Home Regressive Tax Understanding Regressive Tax

Understanding Regressive Tax

Understanding Regressive Tax

The
regressive tax is the opposite of the progressive tax. The regressive tax is an income tax system
based on the economic classification of the rich, middle, and working
socio-economic classes. The regressive tax classes use similar criteria to
deciding who falls into whatever category based on gross income of an
individual or married couple. Since the 1980s, the regressive system of local
income taxation has increased in usage. This trend is primarily based on the
premises of Reaganomics. Reaganomics assumes that the private sector should be
the engine of wealth and therefore, the tax burden should be decreased on the
wealthiest members of society. The wealthiest members of society are assumed to
be those who run small or large business with an inherent desire to expand
their enterprise with desperately needed capital to expand their employment.
The regressive tax is widely believed to be an engine of job creation in an
economy.

The regressive tax in local taxation is a response to the economic slumps of
the 1970s. The 1970s marked the time in which the American economy transitioned
from a primarily industrial economy to an economy focused on the service
sector. During the 1970s, the economy was characterized with stagnant job
growth combined with monetary inflation- this trend would create the economic
buzzword of the day: stagflation. Some economists argue that stagflation was
caused by a lack of liquid capital in the market combined with a growing
welfare state that typified the Johnson administration’s “new society”
programs. The other side of the argument argues that stagflation was not the
government’s fault and stagflation was caused by the economic disruption of the
fuel crisis that resulted from OPEC’s response to Israel’s victory in the 1973
Yom Kippur war and the West’s tacit support for the victors.
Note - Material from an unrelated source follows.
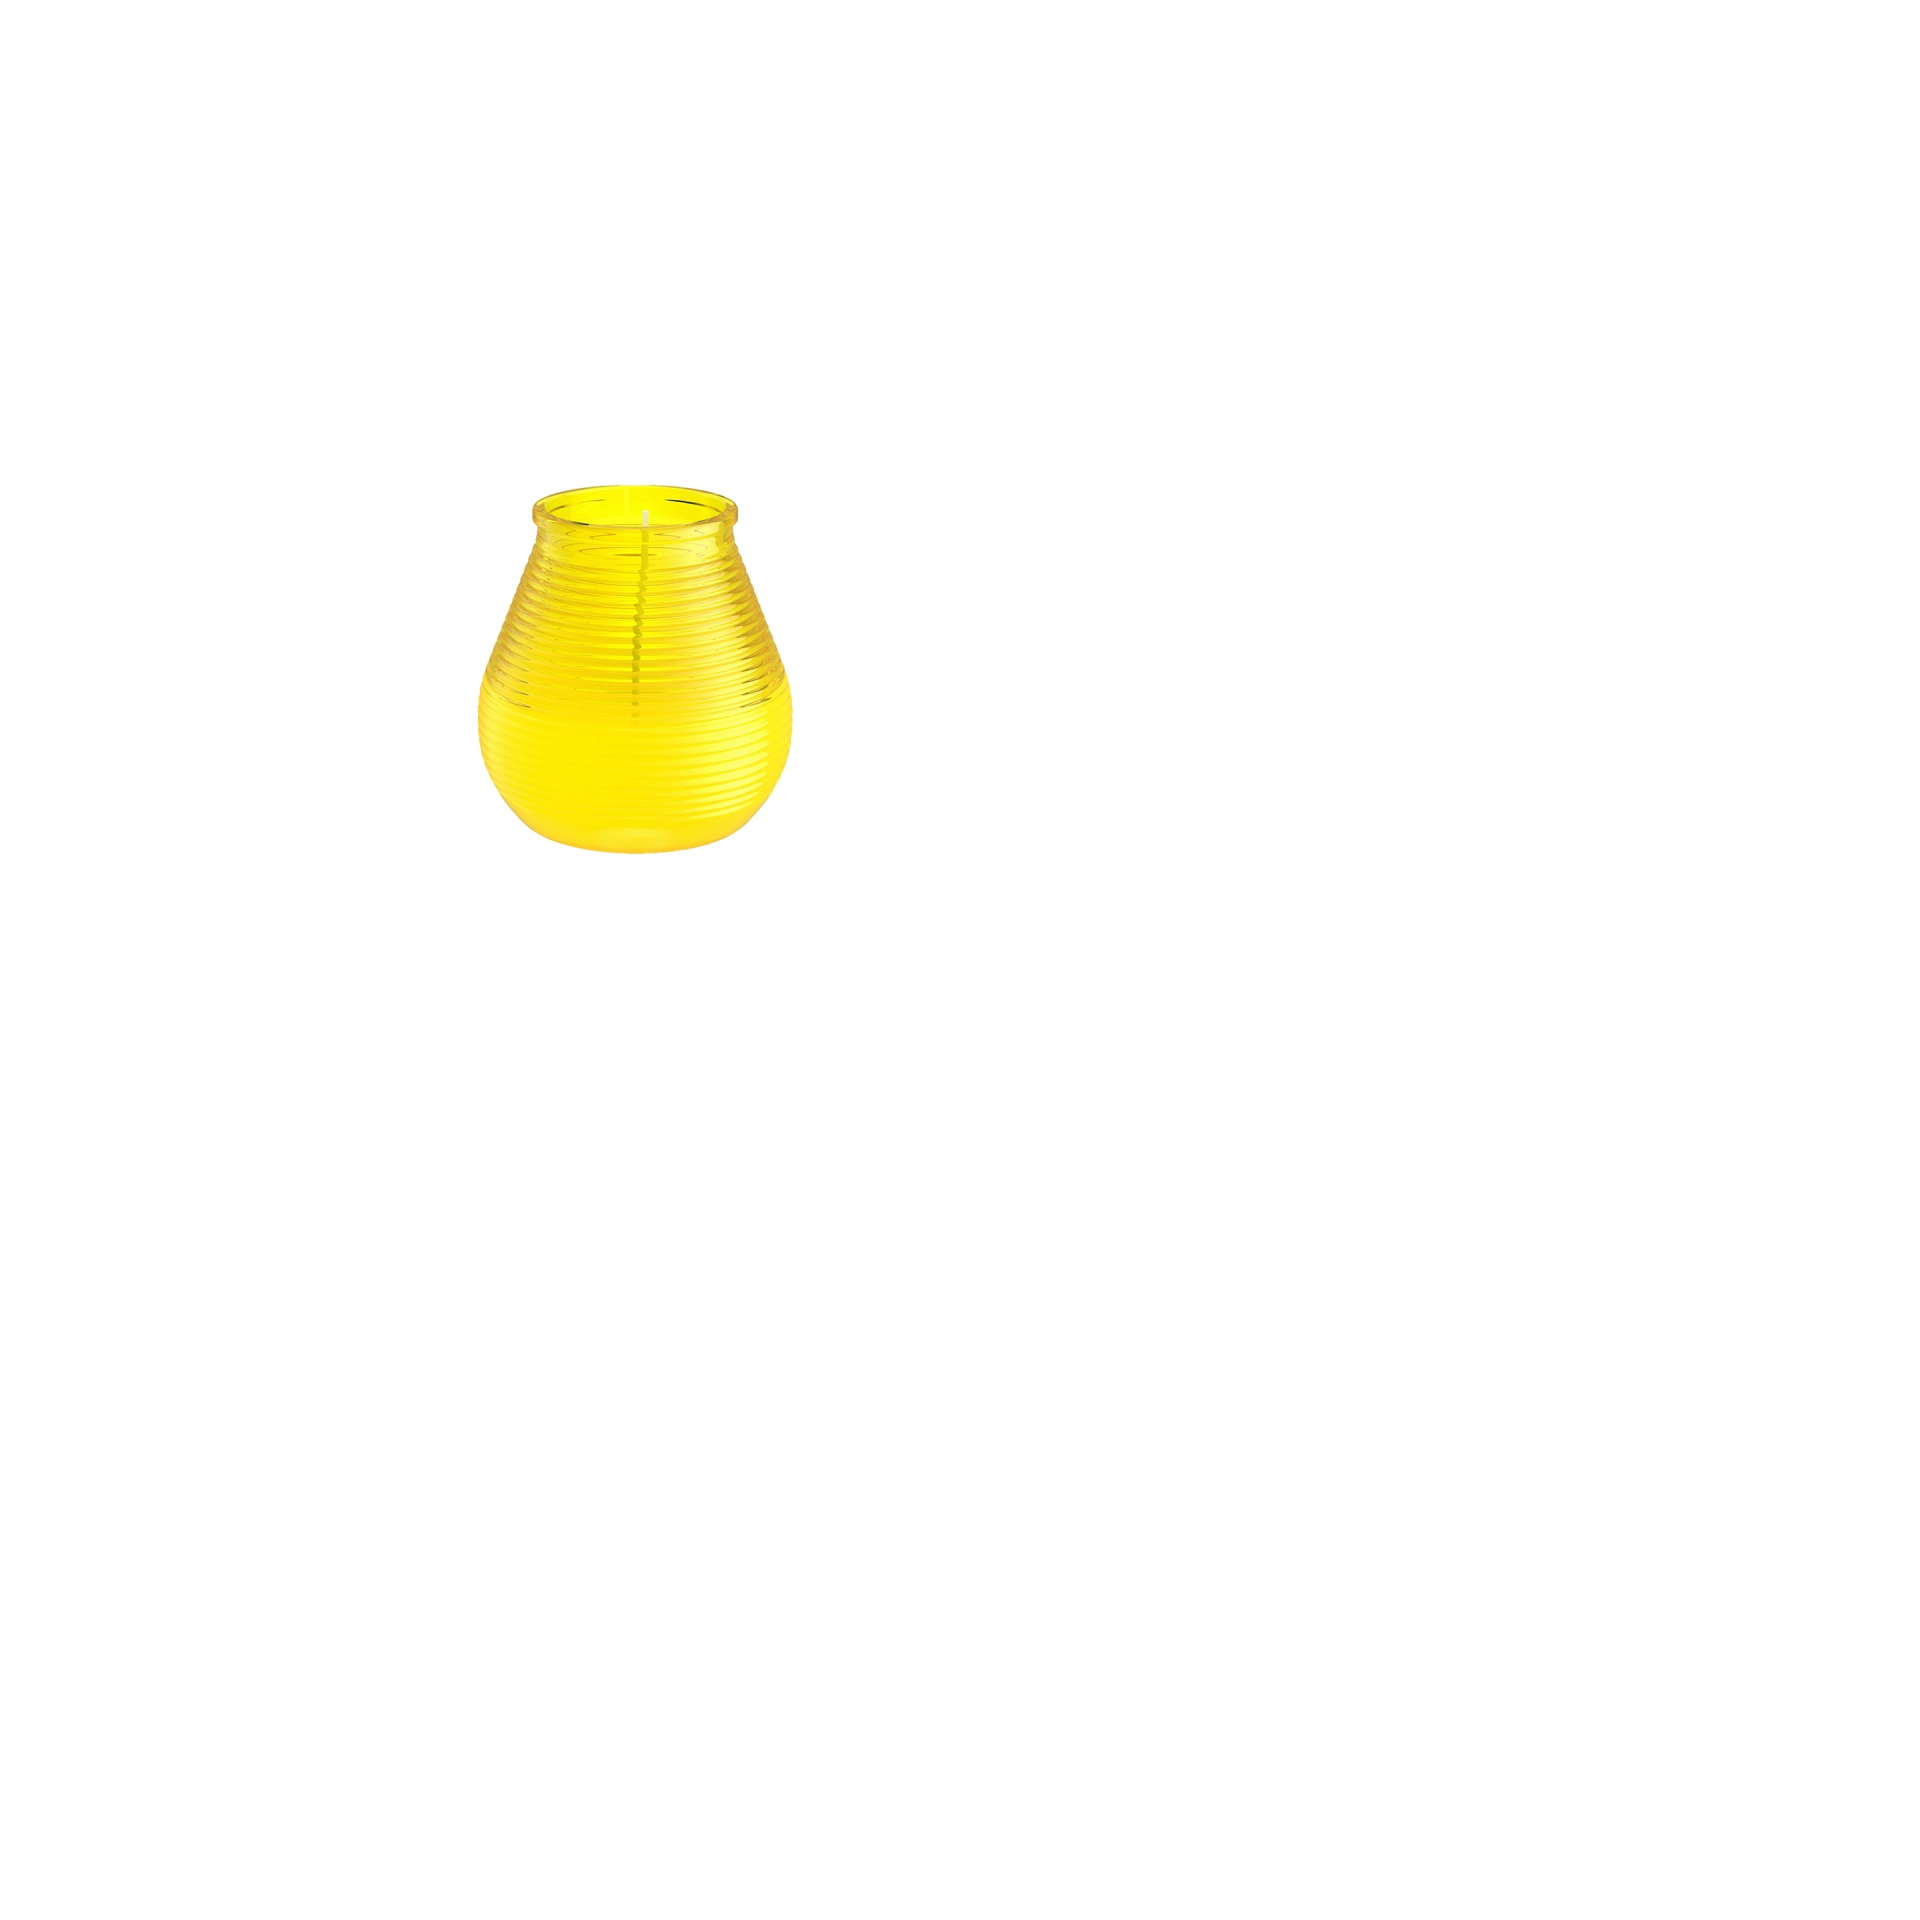 Gartenfeuer Olympic in Glas h 9,4 cm | Ø 9,1 cm gelb

With international events, federal government policies, and economic polemics
aside, by the 1980s, it was clear that public adored the idea of the regressive
tax essential to the economic paradigm of Reaganomics. Proponents of the
regressive tax touted the rich’s ability to expand the economy during the
subsequent boom years of the 1980s. Local taxation reflected national income
tax policies, in the meantime, the wealth of the rich expanded and this wealth
created a flood of credit by which the middle class could benefit with bank
loans. The regressive tax was considered the primary explanation of the rapid
expansion of America’s gross domestic product as the end of the Cold War. Some
go as far as to argue that the regressive tax was why America “won”
the Cold War.

The boom years of the 1990s were arguably the triumph of the regressive tax
when more state and local governments mirrored the tax policies of federal
government. States that kept their income taxes progressive had slower economic
growth than the states who adopted regressive taxes. The progressive tax was
considered the policy that resulted in economic stagflation and urban decay
that embodied the housing projects of New York and Los Angeles, both of these
states kept their income taxes relatively progressive. The regressive tax is
the quintessence of the neo-liberal economic theory the Chicago school of
economics endorsed. Regressive taxes freed up allowed the Federal Reserve bank
to slash interest rates to create the credit necessary to expand the housing
market in many states. State governments were pleased with the regressive tax
because the new home construction meant more revenue from property taxes. The
regressive tax also created the   optimal conditions for Wall Street
to financially innovate and give home-buyers incentive to invest in the real
estate buyer’s market that characterized the last quarter century.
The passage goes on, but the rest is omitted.